Wednesday, December 25, 2013

The First Painting

Self Portrait (Penelope's Picture). Jerry the Bird, 1973

This is an image of what is reliably believed to be Jerry the Bird's first painting. It was made with acrylic paint on cold-press paper, approximately nine by twelve inches. It can safely be assumed that it was painted in 1973, or possibly early in 1974.

Jerry himself referred to this painting as "Penelope's Picture." He is referring to the character of Penelope in his memoir "Among the Humans," although the real name of the woman upon whom Penelope was based is something Jerry never revealed.

"Penelope's Picture" refers to the painting that she painted of Jerry. According to "Among the Humans," she and Jerry were next-door neighbors in an apartment court. He sat for her and she painted his portrait. Jerry writes that Penelope was a fan of Marcel Duchamp, the French-born artist and thinker. Late in his career, Duchamp decided to create miniature museums of his work, tiny enough that they could be carried in fold-out suitcases. He meticulously recreated his earlier works in reduced size, and this was a concept that Penelope was very taken by.
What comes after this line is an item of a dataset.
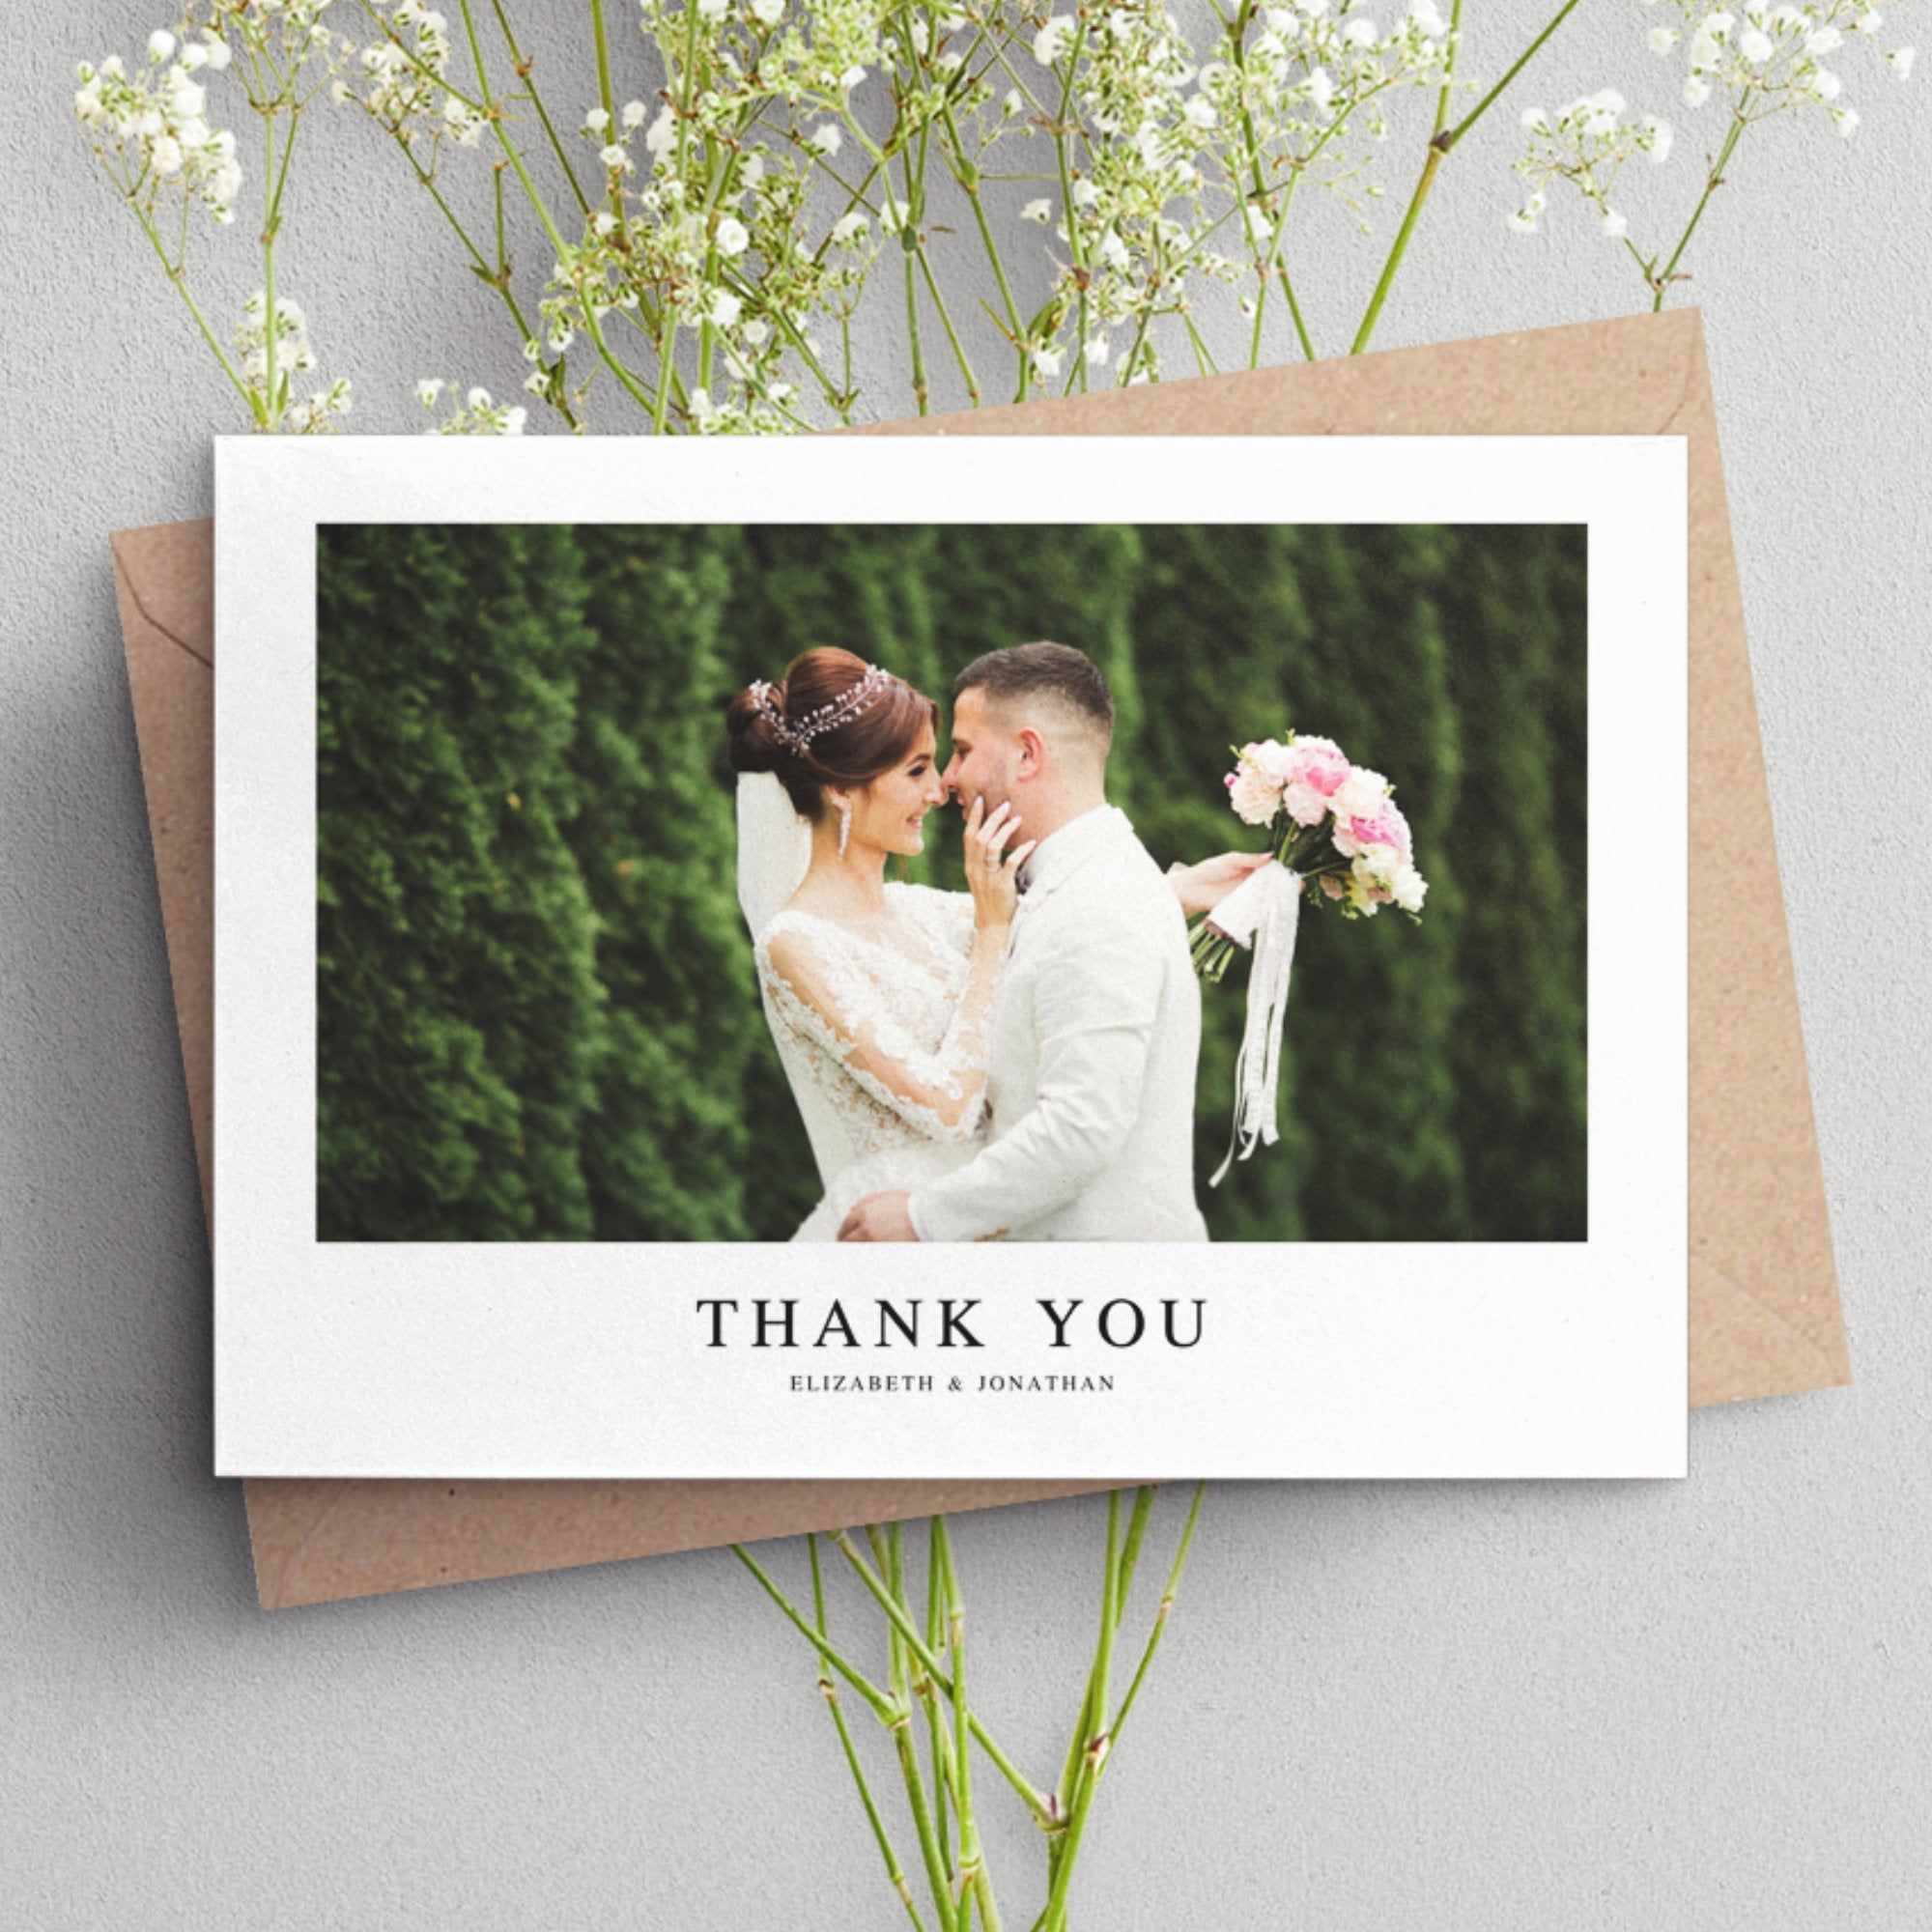 Wedding Thank You Cards With Photo Wedding Photo Thank You Etsy Wedding Thank You Cards Photo Thank You Cards Wedding Thank You

After painting Jerry's portrait, she also painted a miniature version, about the size of a baseball card.

When Penelope leaves the apartment at the conclusion of "Among the Humans," she leaves the miniature of her portrait behind for Jerry to find. Jerry later decided to recreate her original portrait of him by copying the miniature back to its original size. This was his first attempt at painting, and according to interviews where he discusses his visual art, it took him a great deal of work. The painting took dozens of attempts to get right. Early attempts were destroyed. The only one that survived was the only one Jerry felt even marginally satisfied with.

The creation of this painting was a watershed project in Jerry's career, and it is yet another example of the profound effect his relationship with the Penelope woman had on him.

From a textual point of view, the painting is quite extrordinary as a "self-portrait"; it is a self-portrait based on a miniature copy of a portrait painted by someone else. But it helped establish what would become Jerry's signature style: crude, simplistic, but evocative and colorful. How much of this style is copied from the portrait Penelope painted is unknown. It has never been seen.